Does the data need cleaned or preprocessed? Sometimes, when you download data, it’s not ready to be used straight away. I know, I know, that would be too simple! But this is where field standards certainly start to come in, and speaking with colleagues/a quick google search can start to clarify how to deal with things like missing data, standardisation, and dealing with duplicates.
Do you understand the data you have? I know it’s tempting to dive straight in, particularly when you may feel like you’ve had to jump through a lot of hoops to get to this point. But instead, get some summary statistics and early visualisations out, and start truly getting to know your data. Do you have outliers that can justifiably be removed? Do you notice anything that doesn’t make sense?
Do you have a specific analysis plan? Now you’ve got the data, you probably have some idea what you want to do with it. This is very field-specific, but choosing the right analytical method makes all the difference and is worth spending some time thinking about. Once you finalise this, you’re good to go!

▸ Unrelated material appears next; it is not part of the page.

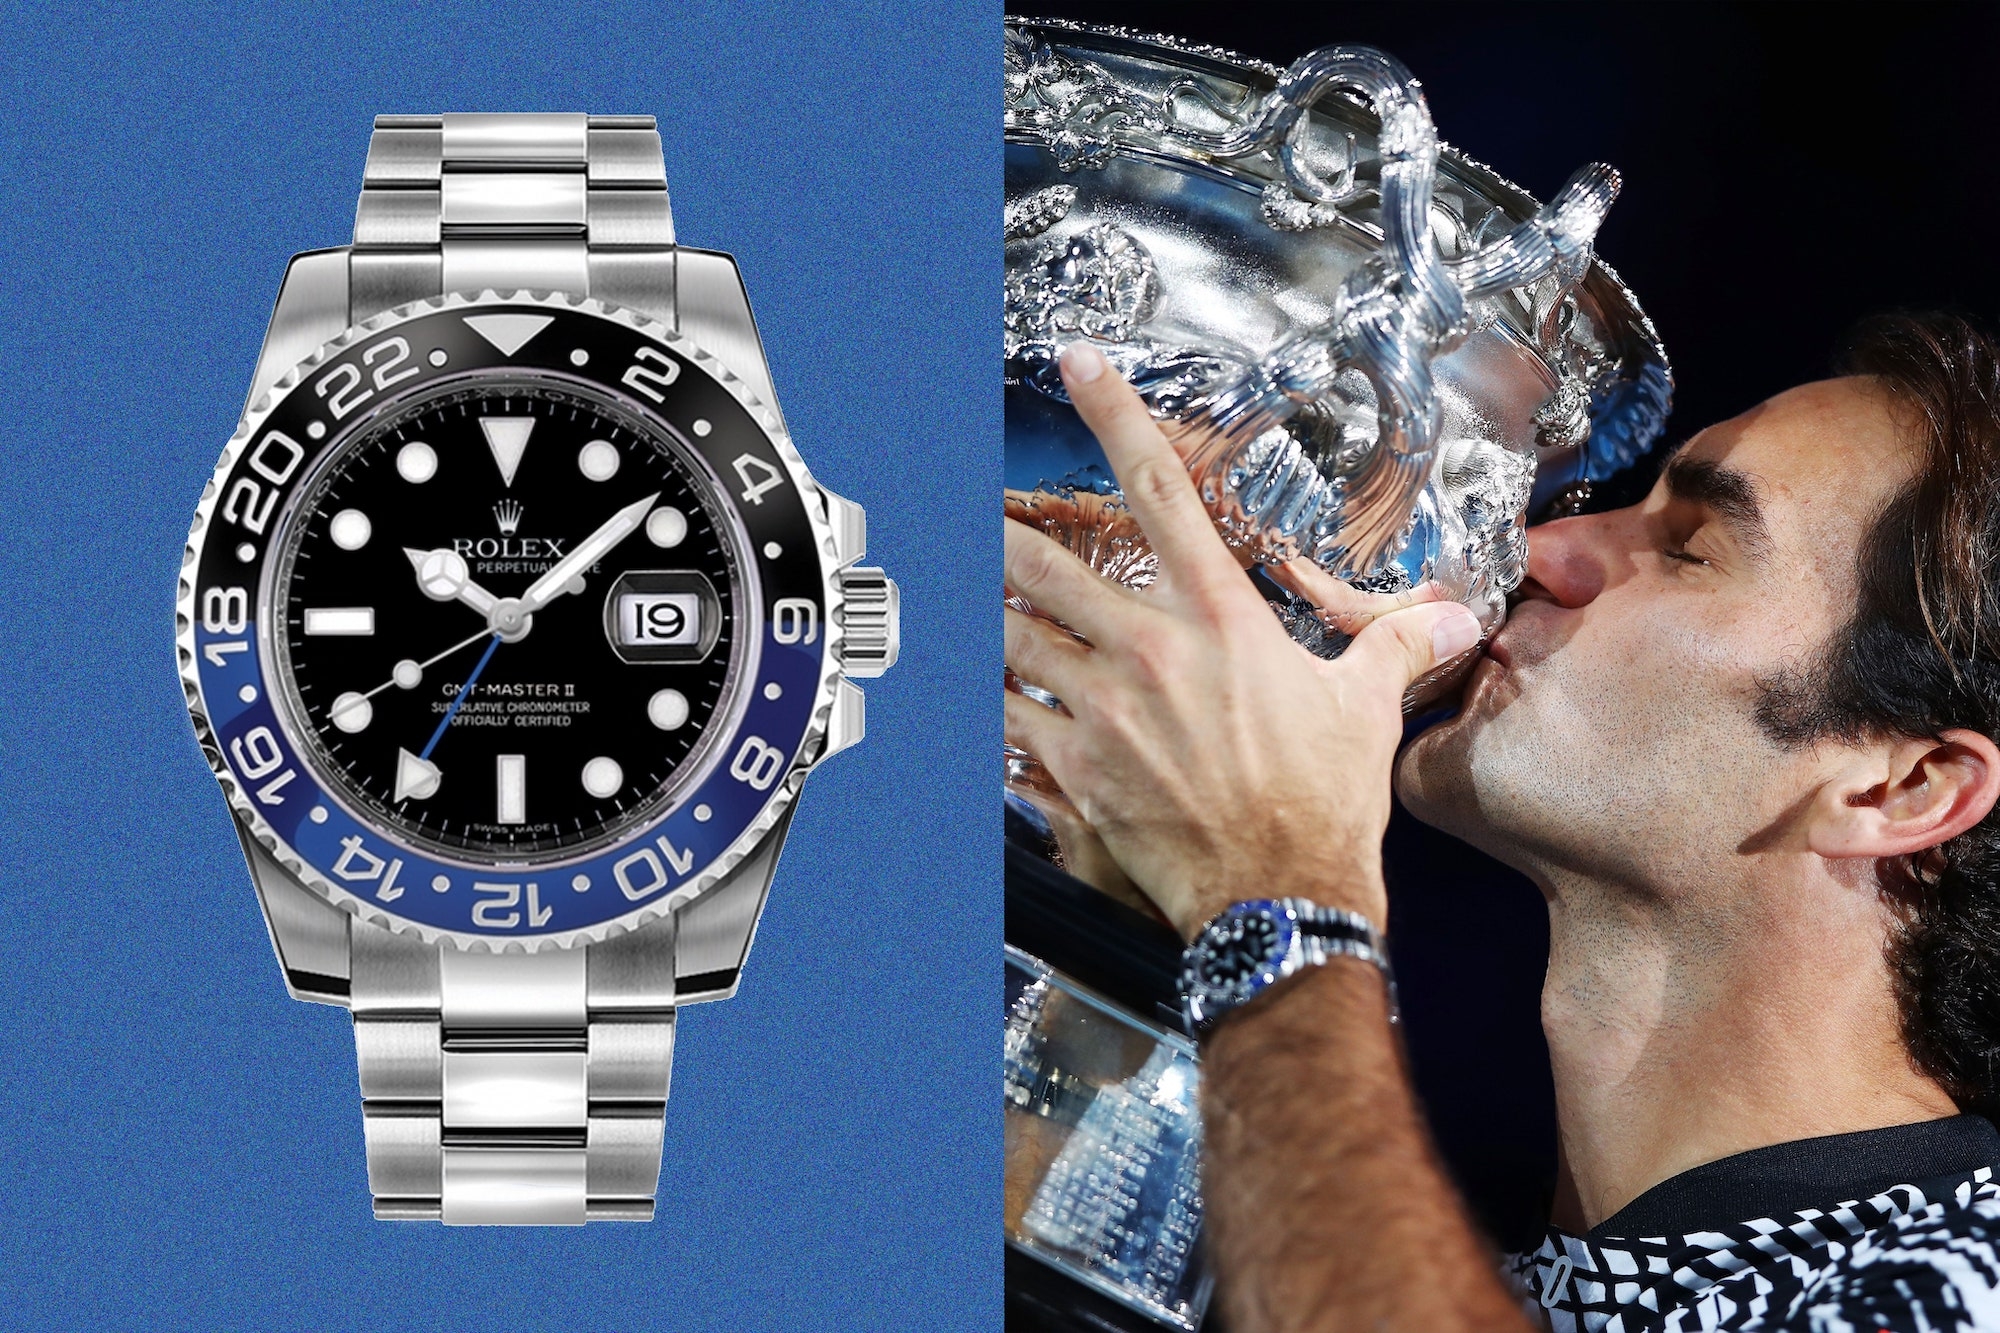 Tay vợt Roger Federer - Đồng hồ Rolex

How are you going to disseminate your findings? What’s the best way to visualise your results, how do you do justice to your data whilst also remaining transparent and clear?
Phew, that was quite a bit to take in! But hopefully, by now, you have a clearer sense of how to navigate the world of data. From acquisition and storage to selecting the right formats and ensuring privacy, it’s all about breaking it down into manageable steps.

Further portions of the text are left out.